Just over two years ago, NVIDIA launched the Fermi architecture with the GeForce GTX 480. Named after the Italian nuclear physicist Enrico Fermi, this new architecture brought two key advancements. First, it brought full geometry processing to the GPU, enabling a key DirectX 11 technique called tessellation with displacement mapping. Used in games such as Battlefield 3 and Crysis 2, this technique greatly improves the geometric realism of water, terrain, and game characters. Second, Fermi greatly improved the GPU's performance in general computation, and today, Fermi GPUs power three out of the top five supercomputers in the world.

Today, NVIDIA is launching Kepler, the much anticipated successor to the Fermi architecture. With Kepler we wanted not only to build the world's fastest GPU, but also the world's most power efficient. Feature wise, we added new technologies that fundamentally improve the smoothness of each frame and the richness of the overall experience.




Why Is Power Efficiency Important?


When we first launched Fermi with the GeForce GTX 480, people told us how much they loved the performance, but they also told us they wished it consumed less power. Gamers want top performance, but they want it in a quiet, power efficient form factor. The feedback we received from Fermi really drove this point home. With Kepler, one of our top priorities was building a flagship GPU that was also a pleasure to game with.

Kepler introduces two key changes that greatly improve the GPU's efficiency. First, we completely redesigned the streaming multiprocessor, the most important building block of our GPUs, for optimal performance per watt. Second, we added a feature called GPU Boost that dynamically increases clock speed to improve performance within the card's power budget.

Kepler's new SM, called SMX, is a radical departure from past designs. SMX eliminates the Fermi "2x" processor clock and uses the same base clock across the GPU. To balance out this change, SMX uses an ultra wide design with 192 CUDA cores. With a total of 1536 cores across the chip, the GeForce GTX 680 handily outperforms the GeForce GTX 580.


groundbreaking power efficiency
The GeForce GTX 680 GPU is made up of 3.54 billion transistors. The entire chip has been designed for optimal performance per watt.

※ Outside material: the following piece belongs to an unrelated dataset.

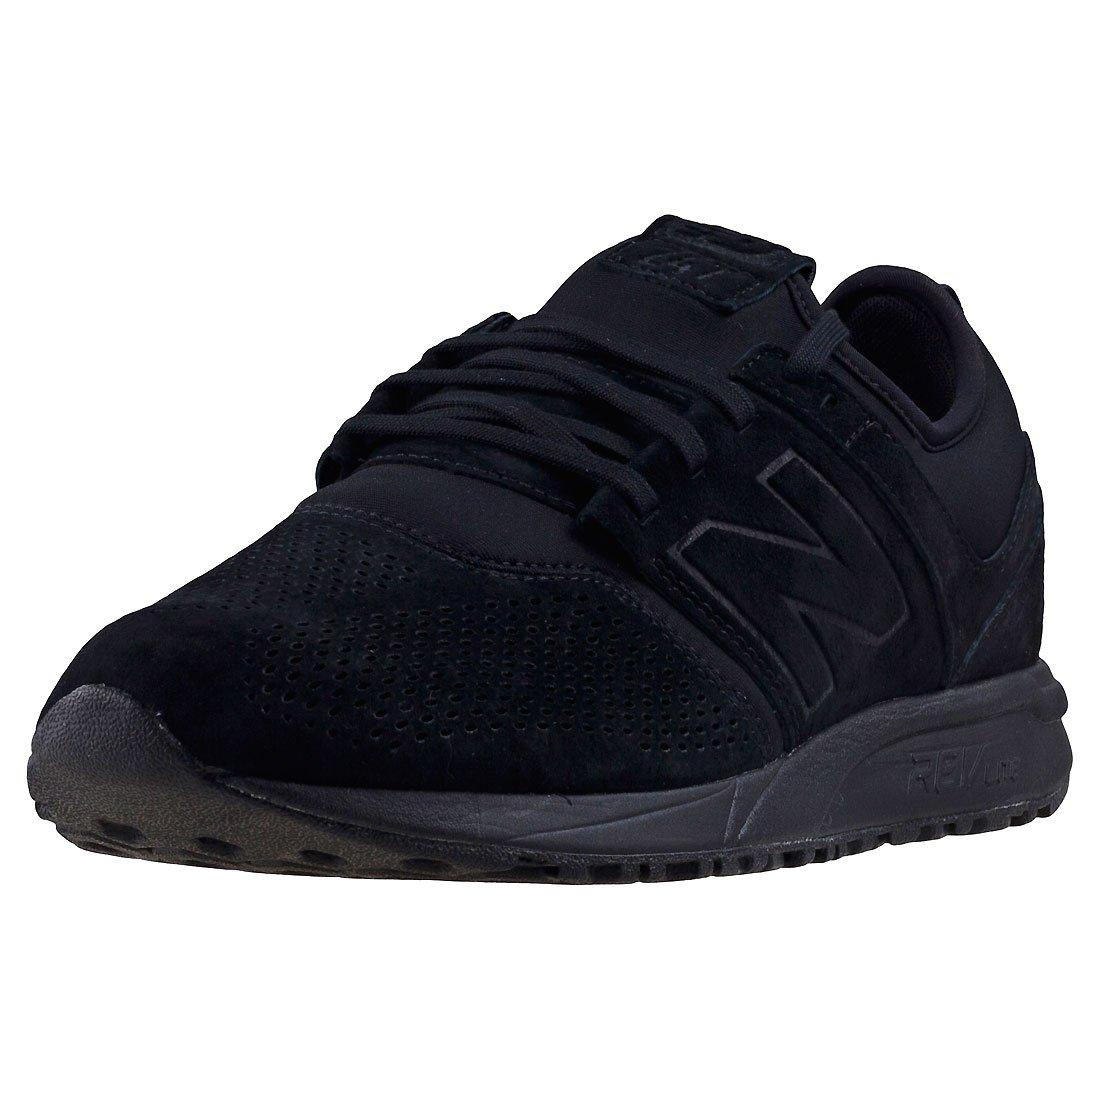 New Balance MRL247 Calzado 42.5 EU|Negro Venta de calzado deportivo de moda en línea

But what's benefited the most is power efficiency. Compared to the original Fermi SM, SMX has twice the performance per watt. Put another way, given a watt of power, Kepler's SMX can do twice the amount of work as Fermi's SM. And this is measured apples-to-apples, on the same manufacturing process. Imagine a conventional 50 watt light bulb that shines as brightly as a 100 watt light bulb—that's what Kepler's like when gaming.

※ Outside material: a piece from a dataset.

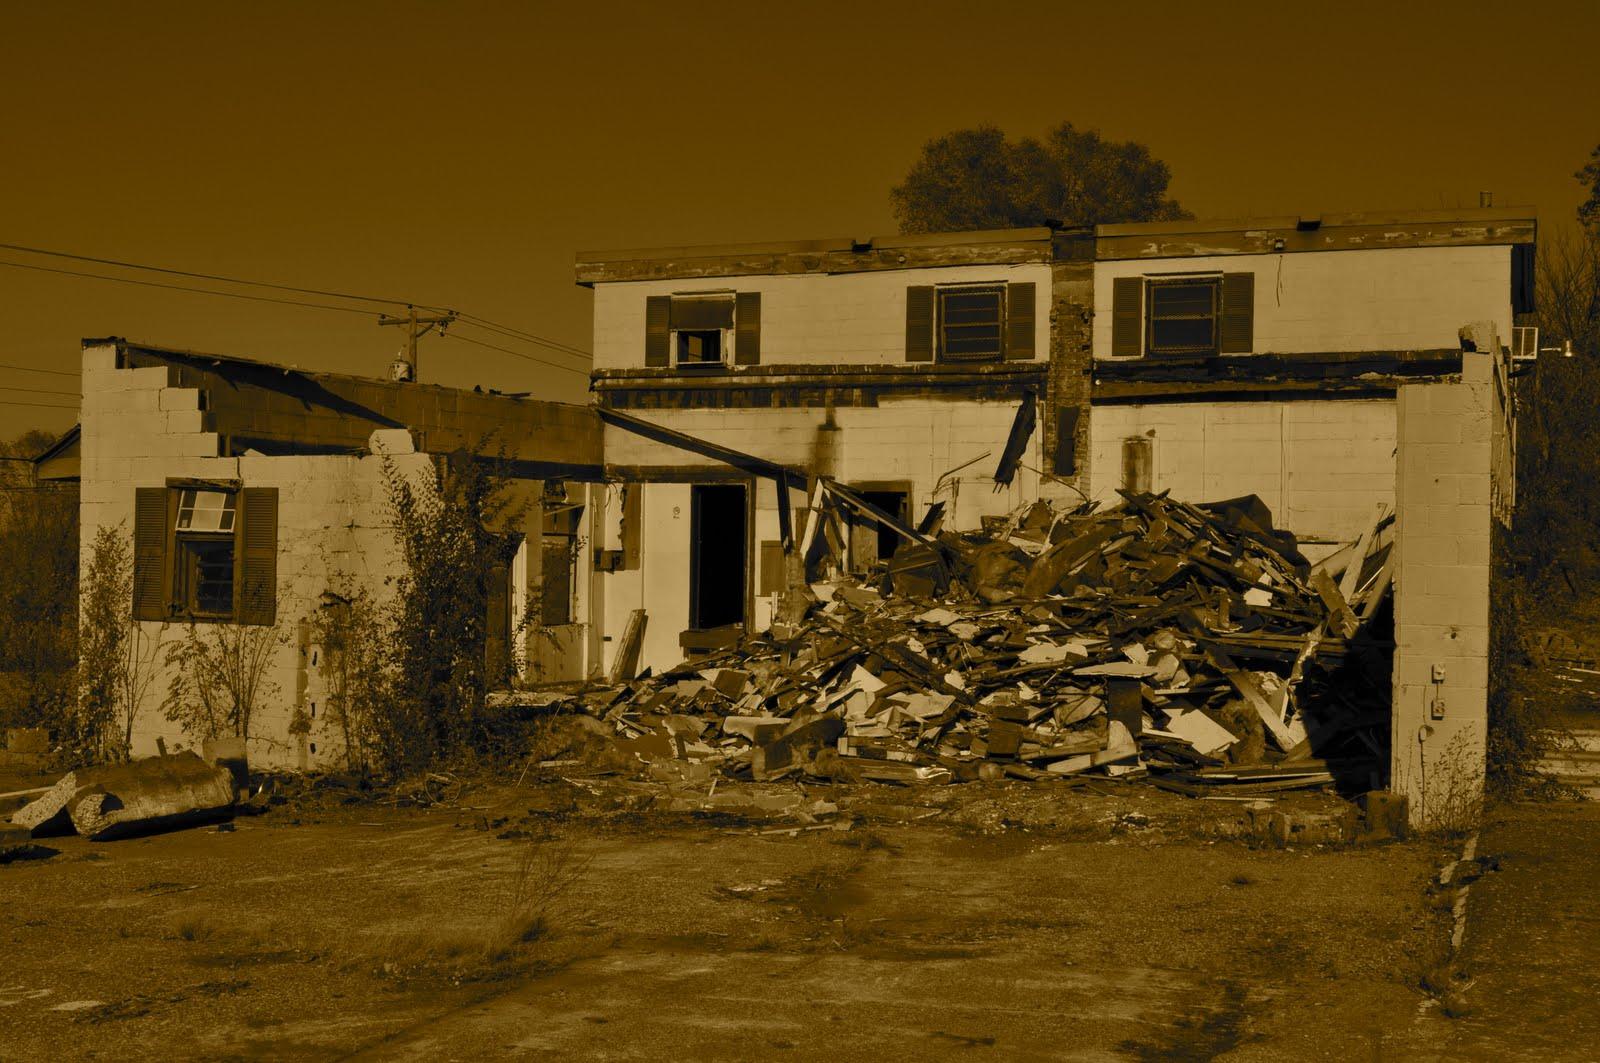 eagan daily photo suburban decay v

Power efficiency comparison
The GeForce GTX 680 is significantly more power efficient than its predecessor. For the gamer, this translates into a cooler, quieter experience, and less overall power draw.


The benefit of this power improvement is most obvious when you plug in a GeForce GTX 680 into your system. If you've owned a high end graphics card before, you'll know that it requires an 8-pin and 6-pin PCI-E power connector. With the GTX 680, you need just two 6-pin connectors. This is because the card draws at most 195 watts of power, compared to 244 watts on the GeForce GTX 580. If there ever was a middle weight boxer that fought like a heavy weight that would be the GeForce GTX 680.


GPU Boost


SMX doubled the performance per watt, but what if the GPU wasn't actually using its full power capacity? Going back to the light bulb analogy, what if a 100 watt light bulb was sometimes running at 90 watts, or even 80 watts?  As it turns out, that's exactly how GPUs behave today.

The reason for this is actually pretty simple. Like light bulbs, GPUs are designed to operate under a certain wattage. This number is called the thermal design point, or TDP. For a high-end GPU, the TDP has typically been about 250 watts. You can interpret this number as saying: this GPU's cooler can remove 250 watts of heat away from the GPU. If it goes over this limit for an extended period of time, the GPU will be forced to throttle down its clock speed to prevent overheating. What this also means is, to get the maximum performance, the GPU should operate close to its TDP, without ever exceeding it.

In reality, GPUs rarely reach their TDP when playing even the most intensive 3D games. This is because different games consume different amounts of power and the GPU's TDP is measured using the worst case. Popular games like Battlefield 3 or Crysis 2 consume far less power than a GPU's TDP rating. Only a few synthetic benchmarks can push GPUs to their TDP limit.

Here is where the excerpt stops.